* wrong charset in spite of proper format
@ 2005-03-09 13:47 Matthias Andree
2005-03-09 15:24 ` Reiner Steib
0 siblings, 1 reply; 6+ messages in thread
From: Matthias Andree @ 2005-03-09 13:47 UTC (permalink / raw)
Hi,
a Ukraïnian subscriber recently posted a mail of the structure sketched
below to the fetchmail-friends mailing list. No matter what part of the
mail I look at (with C-d, article as ephemeral group), No Gnus (fresh
from CVS) uses my local character set, ISO-8859-whatever, rather than
Windows-1251 for display. mutt gets this right.

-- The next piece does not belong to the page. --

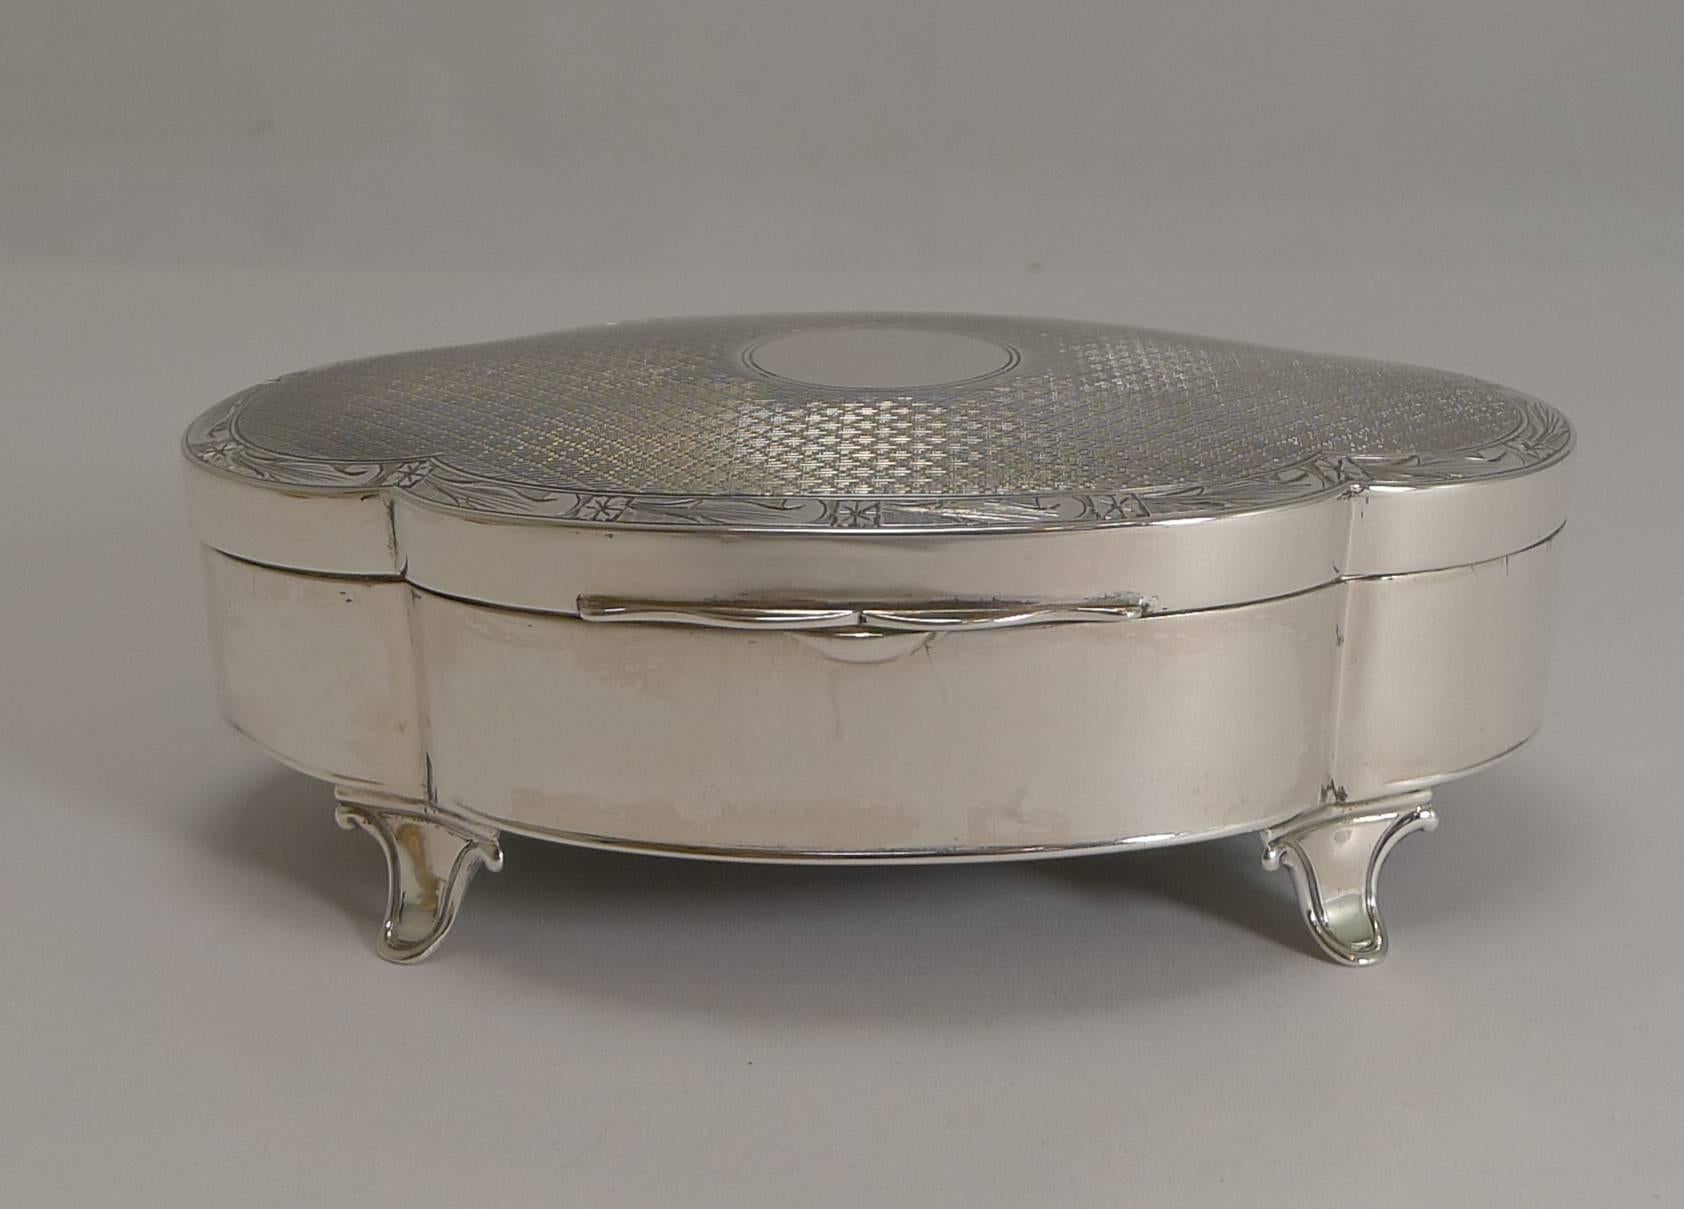 A beautiful and very elegant jewelry box made from English sterling silver by the top-notch silversmith, Goldsmith's and Silversmith's Company of Regent Street, London.

The box stands on four pretty feet and is beautifully shaped. The lid is

What's up here? Does Gnus lack Windows-1251? If so, why does it not
replace everything by dots, X or ?. If it supports Windows-1251, why
doesn't it see it? I don't have the time to play with modified copies of
the mail and Gnus now to figure what's up. (Emacs 21.3 with rm'd movemail)
Full copy of the message available from
<http://home.pages.de/~mandree/tmp/58def670bf48a5363b4df09b717495b6@apple.mk.ua.txt>.
Outline:
(head)
Mime-Version: 1.0 (Apple Message framework v619.2)
Content-Type: multipart/alternative; boundary=Apple-Mail-1-1053523650
--Apple-Mail-1-1053523650
Content-Transfer-Encoding: quoted-printable
Content-Type: text/plain;
charset=WINDOWS-1251;
format=flowed
6 =E1=E5=F0 2005, =EE 0:59, Matthias Andree =ED=E0=EF=E8=F1=E0=E2(=EB=E0):=
...
--Apple-Mail-1-1053523650
Content-Transfer-Encoding: quoted-printable
Content-Type: text/enriched;
charset=WINDOWS-1251
...
--Apple-Mail-1-1053523650--
--
Matthias Andree
^ permalink raw reply [flat|nested] 6+ messages in thread
* Re: wrong charset in spite of proper format
2005-03-09 13:47 wrong charset in spite of proper format Matthias Andree
@ 2005-03-09 15:24 ` Reiner Steib
2005-03-10 0:35 ` Matthias Andree
0 siblings, 1 reply; 6+ messages in thread
From: Reiner Steib @ 2005-03-09 15:24 UTC (permalink / raw)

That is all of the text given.